After facing many tough questions on Wednesday on the digital currency project and Facebook’s intention of curbing illegal activities with it, Zuckerberg admitted that the Libra Association, not Facebook, will always have the final say on anything related to Libra.
Amid Zuckerberg’s stress on receiving approval from US regulators, Rep. Bill Huizenga (R-Mich.) asked: “You said that you won’t launch without U.S. regulator approval. What happens if the association decides to launch despite that?”
“I believe we would be forced to leave the association,” Facebook’s CEO replied. “If I feel like Facebook can’t be a part of it, then Facebook won’t be a part of it.”
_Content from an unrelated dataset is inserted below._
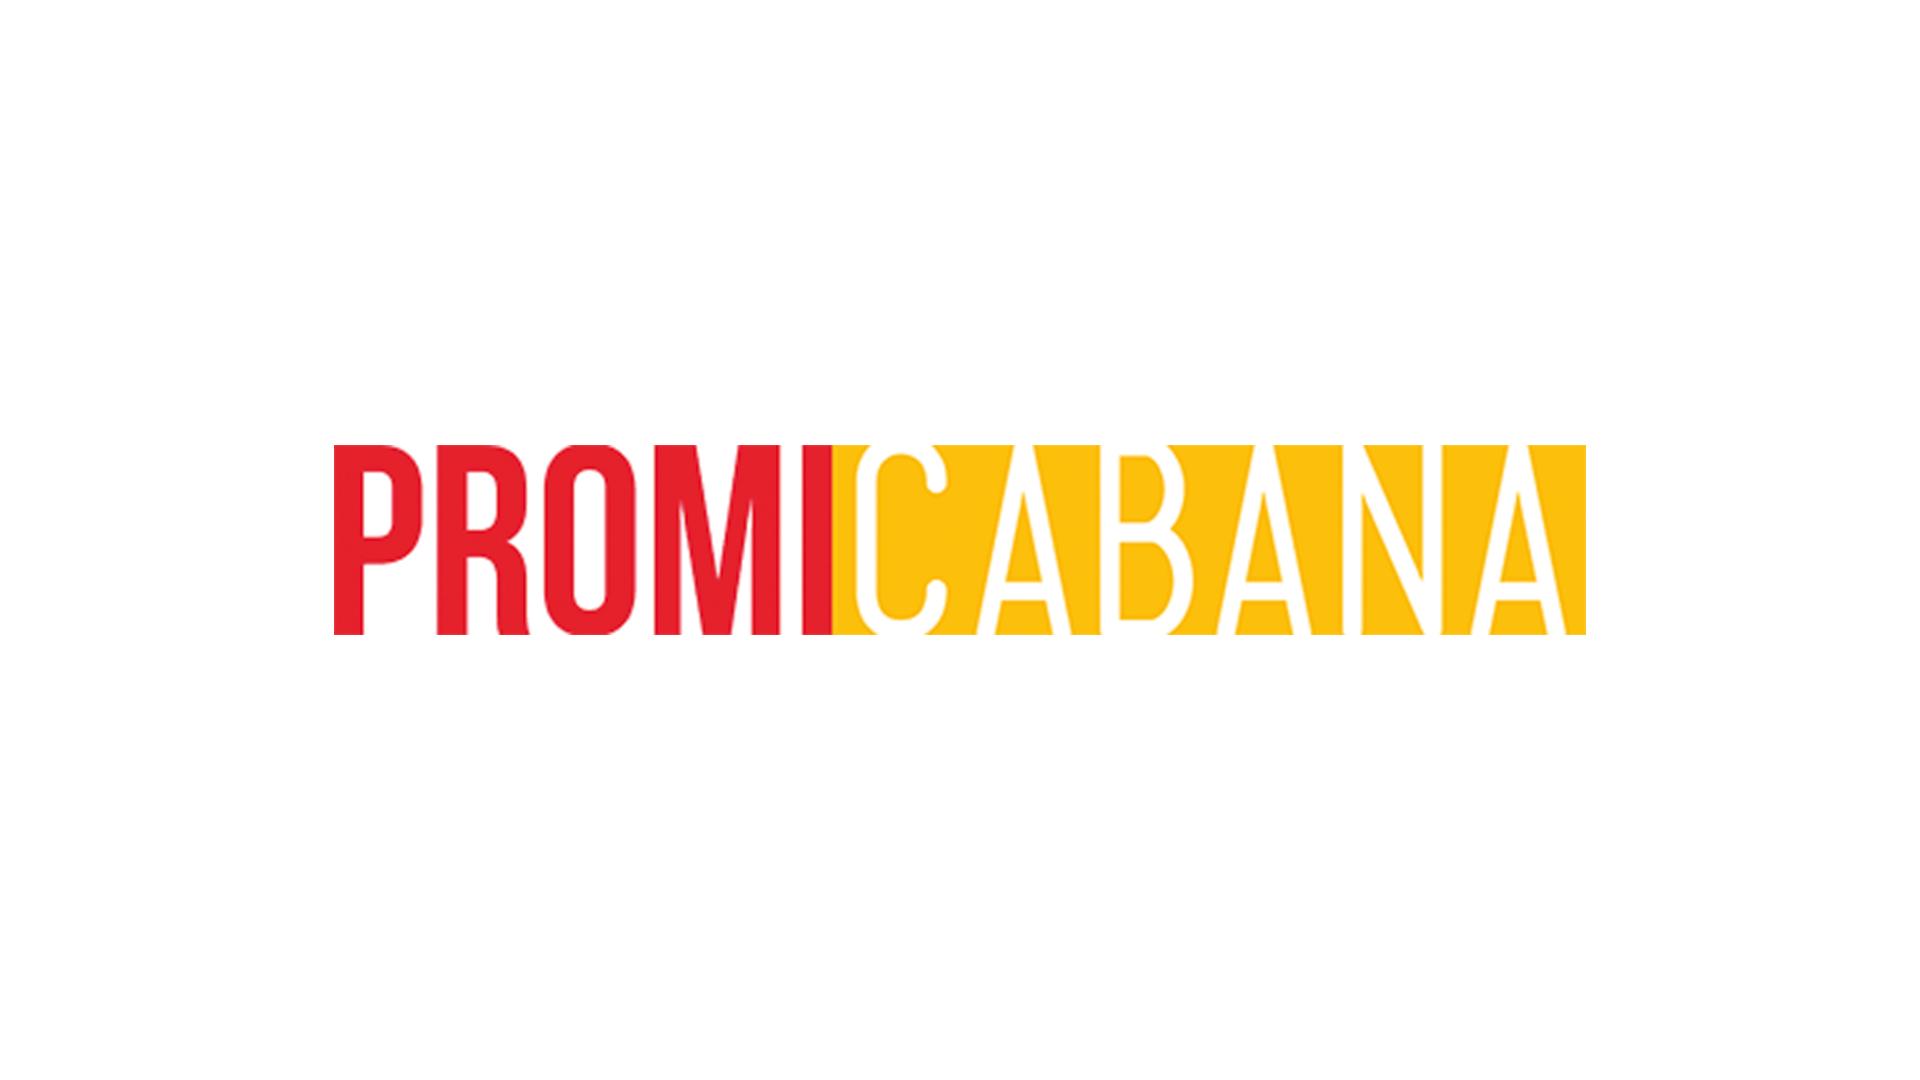 Harry-Styles-Kimberly-Stewart

Though the answer was hypothetical, this raises many questions on the project and the mandatory role of Facebook in launching Libra.
Seven original members of the association including PayPal, Visa, Mastercard, and Stripe cut ties with Libra earlier this month amid concerns over negative regulatory scrutiny.
Libra Association was officially formed on October 14, however, none of the members signed any binding agreement to be a part of the consortium. Yesterday, BBC also revealed that the original members are yet to make any monetary commitment for the project and the topic was not even raised in the first general meeting.
While replying to the question of receiving $10 million from the Libra Association members, Zuckerberg said he was unaware of any such financial transactions.
The lawmakers also raised concerns about the usage of Libra for illegal activities. Upon asking the question about the anonymity of Calibra wallet transactions, Zuckerberg said: “We see a range of cryptocurrencies. We are trying to build a safe and secure and regulated alternative. As a big company, we’re not going to do something that’s unregulated or decentralized. We want to get to the same standard on money laundering or CFT [counter-terrorism financing].”